If the move function does make any positive impact into the reward, then the agent “backtracks” which is what is sounds like, moving backwards. This is achieved by just calling move() again, but with the Left parameter set to true, so that Sonic will move to the left. This is an essential aspect of the agent, since only going to the right can get Sonic stuck on plenty of walls.

Life without backtracking

So basically, if you don’t make progress going to the right for 100 moves, try going to the left for about 70 steps.

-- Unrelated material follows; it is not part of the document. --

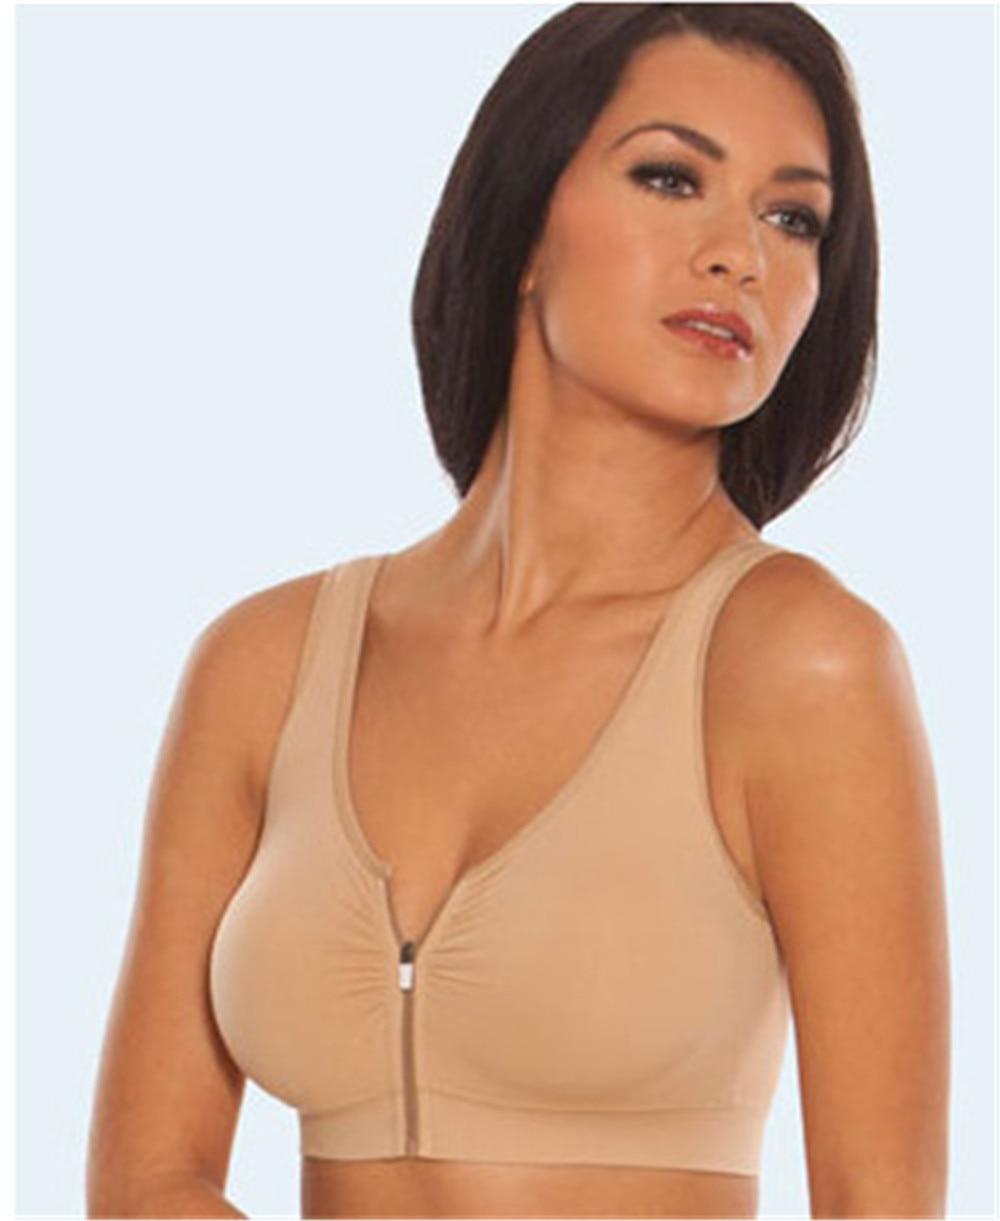 906c7680a5ef2 As Seen On TV Seamless Genie zip Bra women push up bra Relax sleeping bra  students daily underwear NRWX008-in Bras from Underwear   Sleepwears on ...

The Learning part of Machine Learning

Now that we have gone through how to get Sonic through the environment, let’s take a look at how our agent learns. At the end of the episode, the maximum total cumulative reward (the largest in a running total of all the rewards achieved) in the run along with an array of all of the moves that were made (that is, a long list of 1x12 arrays that are mostly filled with false values), are stored in the solutions array. The array of all the moves is created by the TrackedEnv’s best_sequence method, which returns all the moves made up until the maximum total reward wash achieved. For reference, a run that didn’t go well for me looked like this:

[(
[1903800.0],
[array([False, False, False, False, False, False, False, True, False,False, False, False]),
array([False, False, False, False, False, False, False, True, False,False, False, False]),
...

Exploitation

With one run complete, we now have a viable sequence of moves and the reward that we achieved by doing those moves. Now it is time to exploit. Back in the main while loop, if you start a new episode with a solution, there is a check for whether or not you should exploit your best solution, or if you should try for a better solution with the random movements. This check looks like this:

random.random() < EXPLOIT_BIAS + env.total_steps_ever / TOTAL_TIMESTEPS

A random number needs to be less than hyper parameter EXPLOIT_BIAS plus the percentage of total timesteps that has occurred. As time goes on, this agent will be more likely to exploit the best solution encountered for a given step. If the exploit branch is called, then the previous solutions are sorted and the one with the best average score is stored in a variable best_pair. Then a new reward is achieved by playing that same sequence of moves again, instead of going through the normal move()/backtrack process. If Sonic happens to get further than the sequence did, then empty moves will be used to finish out the episode (he will stand still until the game timer runs out, or he is killed). That new reward is added to that action sequence (that is how the average reward for a given action sequence is determined). It might seem strange that replaying the same sequence of moves could get you different results, but the game has a sticky frameskip mechanic that makes actions sometimes repeat themselves.

I really enjoyed diving deep into this code, and will probably use this as the basis for new agents, since I think I came up with quite a few improvements that I am excited to implement. I have also really enjoyed talking to the other contestants, so if you are thinking of saying hello, please do!